- What you should do
In the material below, the required lines run from the one containing "Tunis, Tunisie. Feb" through the one containing "Clever Kidz Reward". Copy those lines exactly, ends included, and nothing else.

- Supplied data
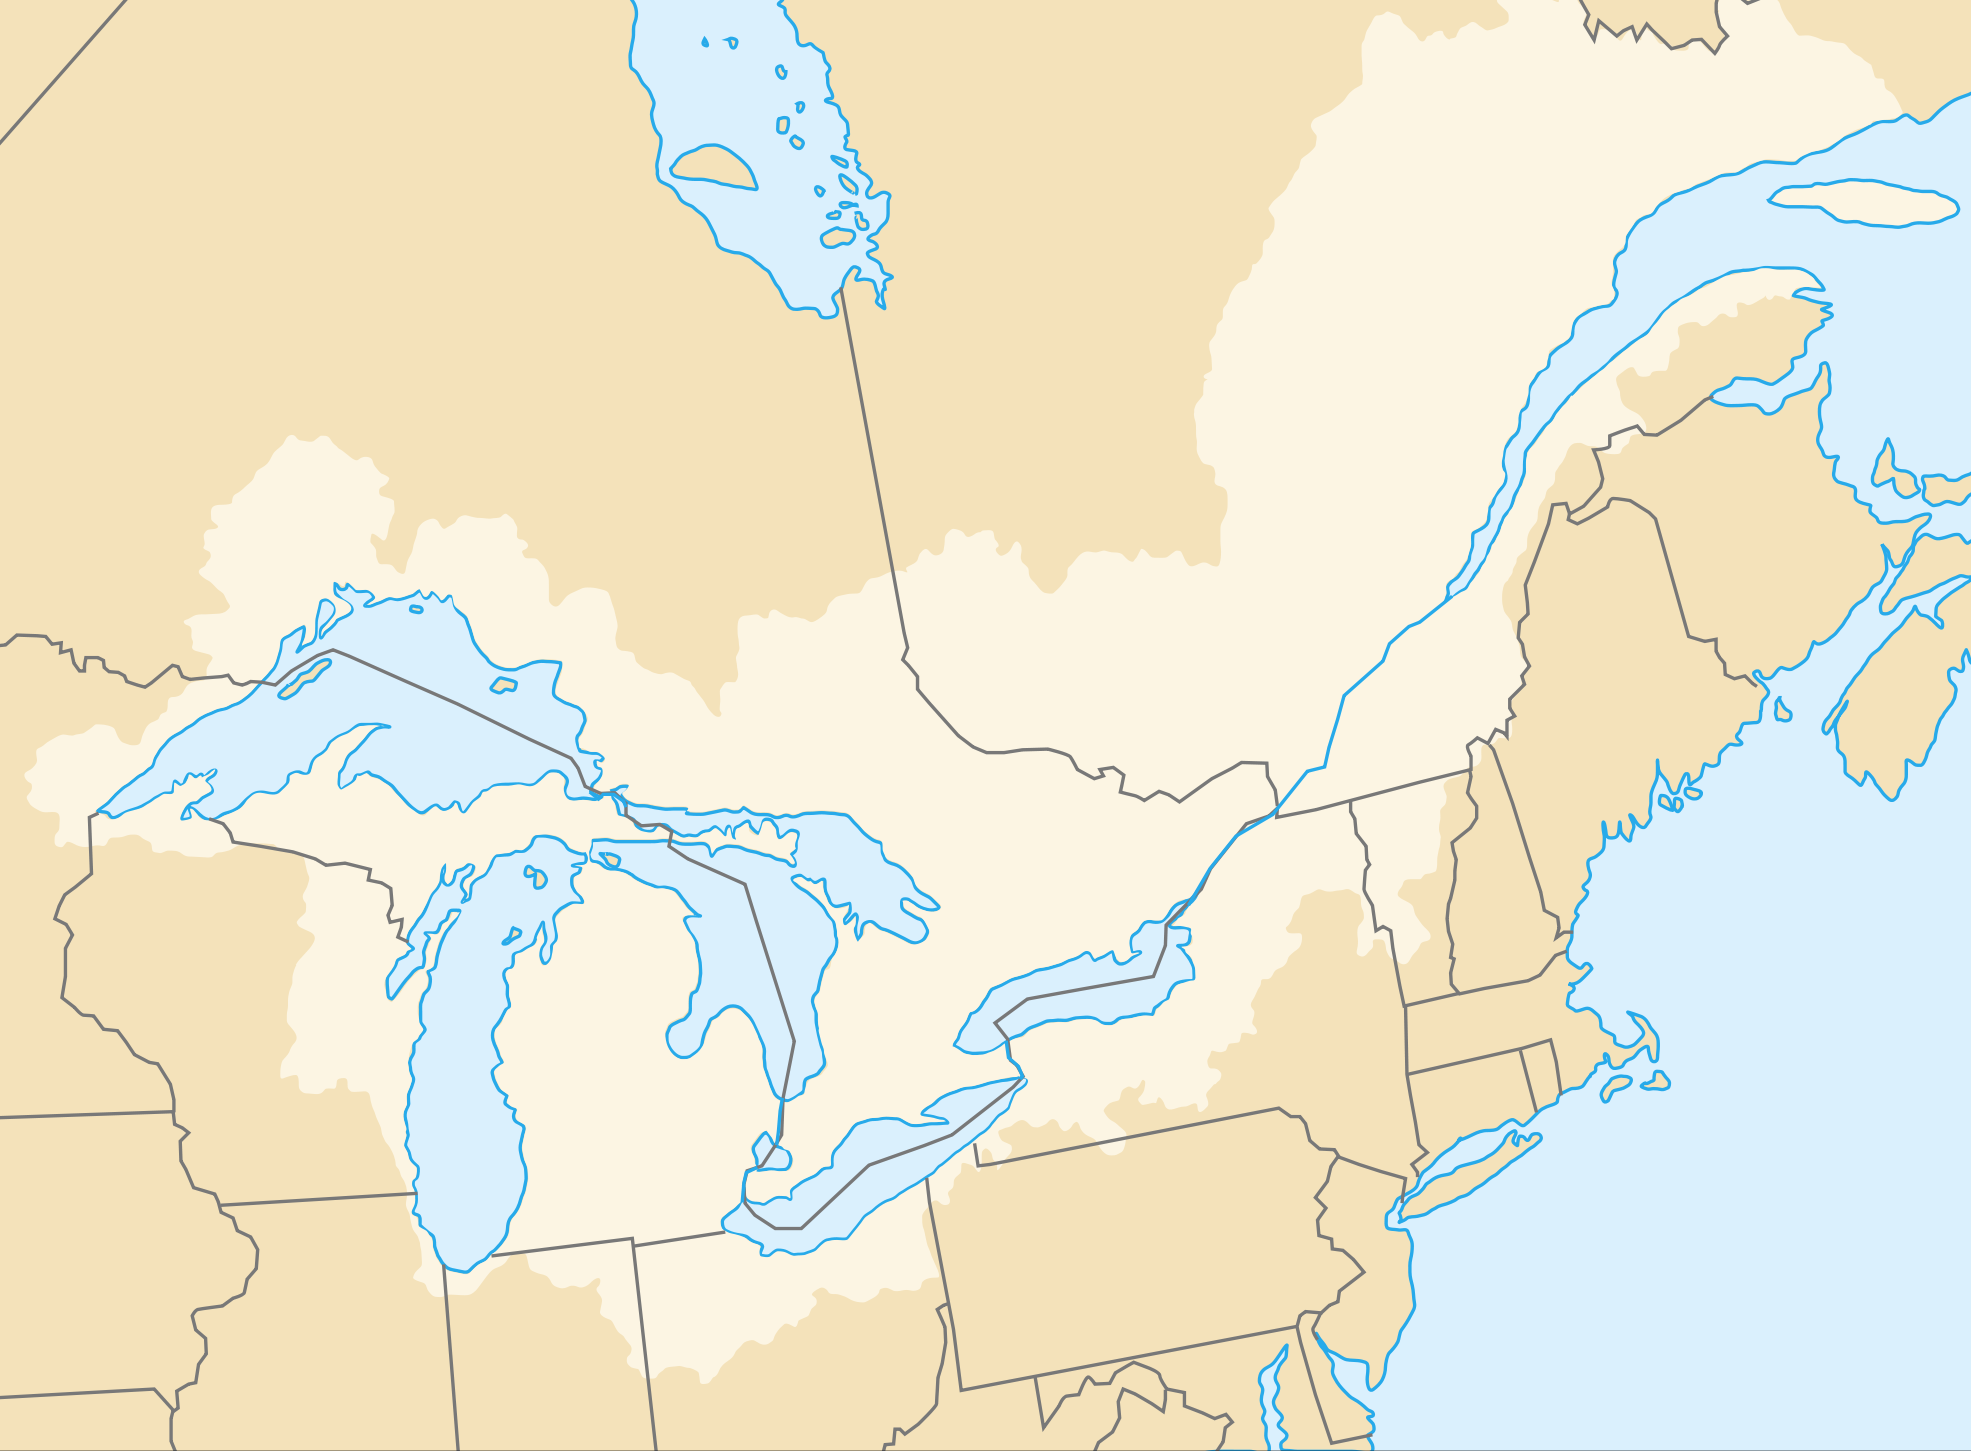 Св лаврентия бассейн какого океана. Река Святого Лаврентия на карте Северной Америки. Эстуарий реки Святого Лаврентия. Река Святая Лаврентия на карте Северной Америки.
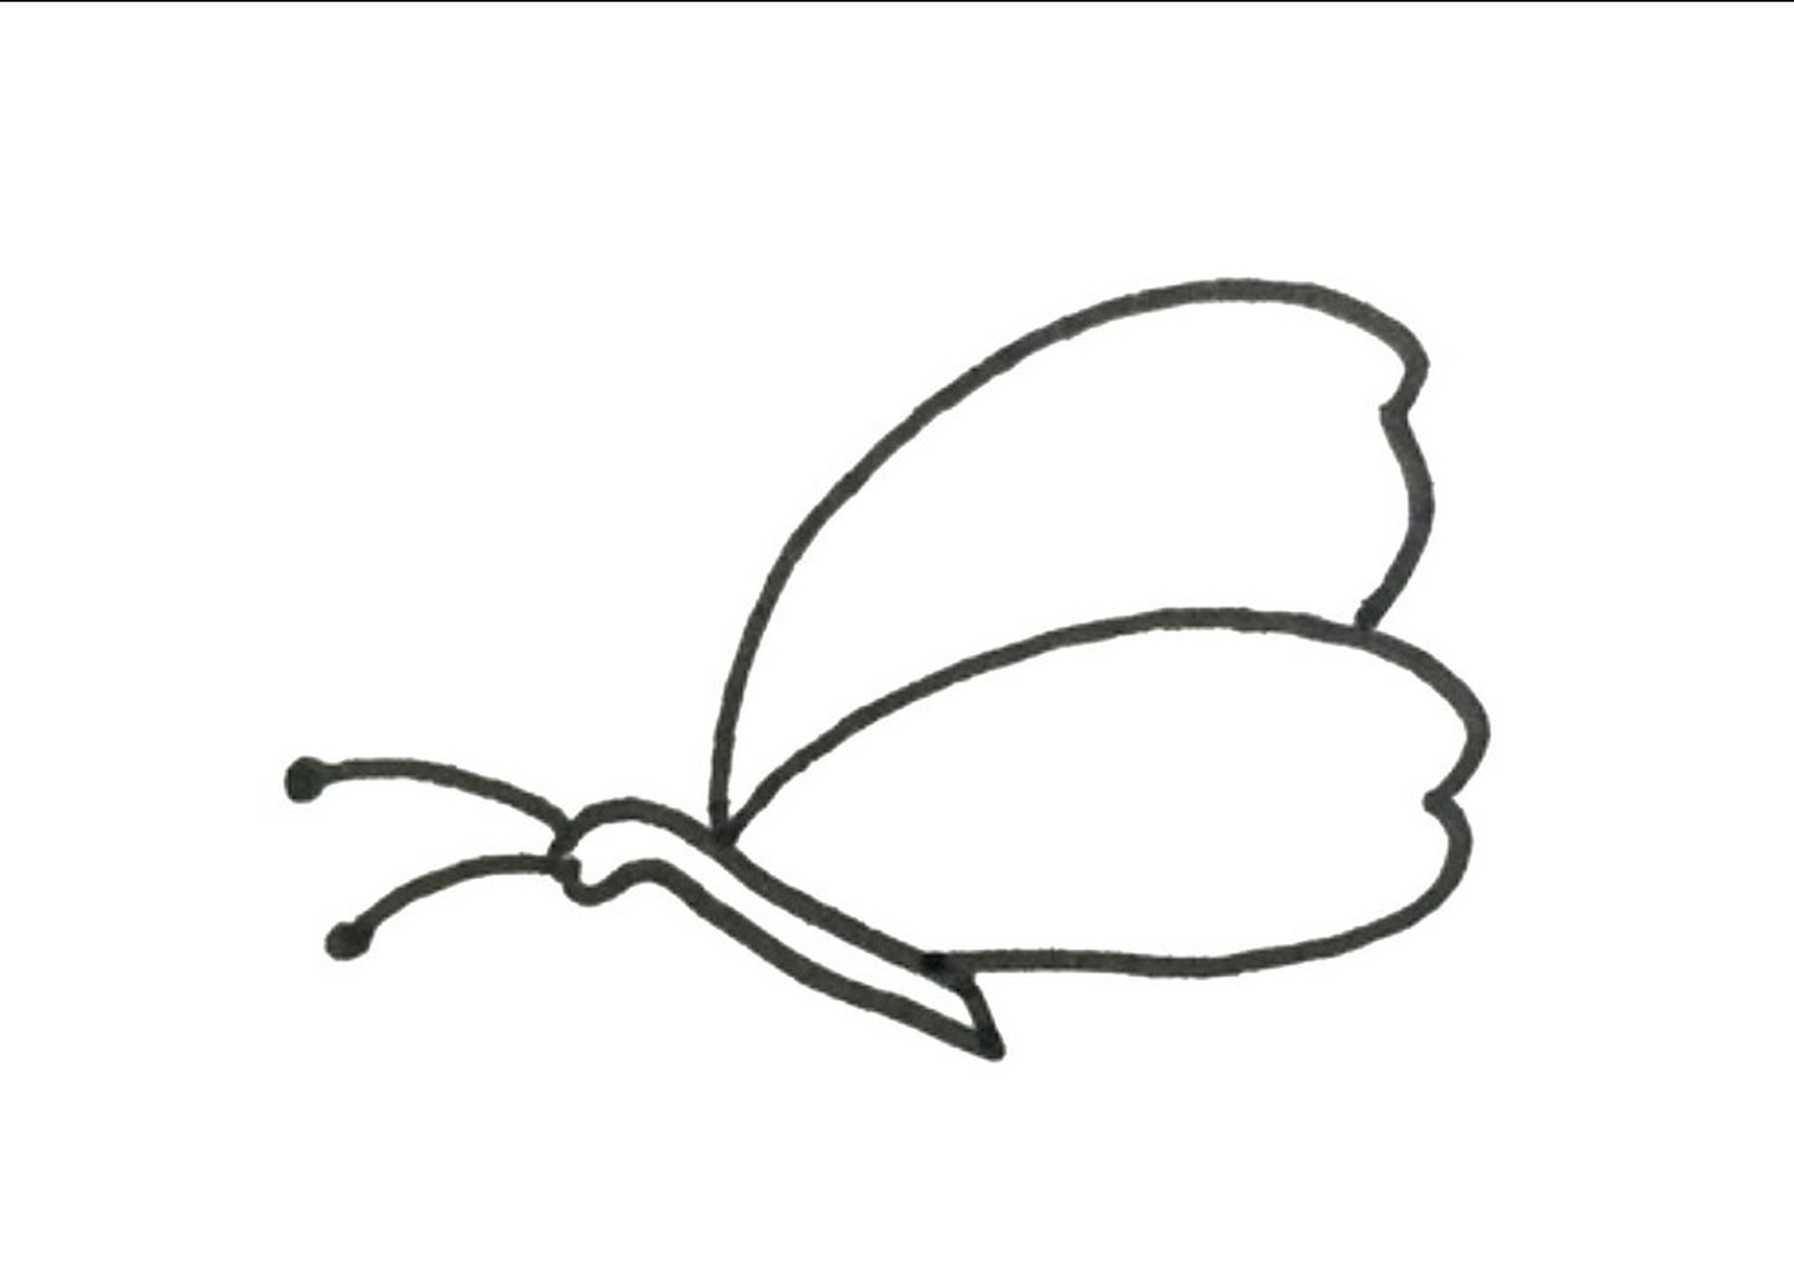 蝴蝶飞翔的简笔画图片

* * *

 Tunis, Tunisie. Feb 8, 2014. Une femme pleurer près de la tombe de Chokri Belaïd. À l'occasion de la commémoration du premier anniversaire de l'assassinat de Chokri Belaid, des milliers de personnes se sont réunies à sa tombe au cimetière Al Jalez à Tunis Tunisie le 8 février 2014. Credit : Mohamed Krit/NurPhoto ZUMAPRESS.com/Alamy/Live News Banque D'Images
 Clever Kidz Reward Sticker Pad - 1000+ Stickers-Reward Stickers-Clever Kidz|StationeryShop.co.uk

- Answer box
 Tunis, Tunisie. Feb 8, 2014. Une femme pleurer près de la tombe de Chokri Belaïd. À l'occasion de la commémoration du premier anniversaire de l'assassinat de Chokri Belaid, des milliers de personnes se sont réunies à sa tombe au cimetière Al Jalez à Tunis Tunisie le 8 février 2014. Credit : Mohamed Krit/NurPhoto ZUMAPRESS.com/Alamy/Live News Banque D'Images
 Clever Kidz Reward Sticker Pad - 1000+ Stickers-Reward Stickers-Clever Kidz|StationeryShop.co.uk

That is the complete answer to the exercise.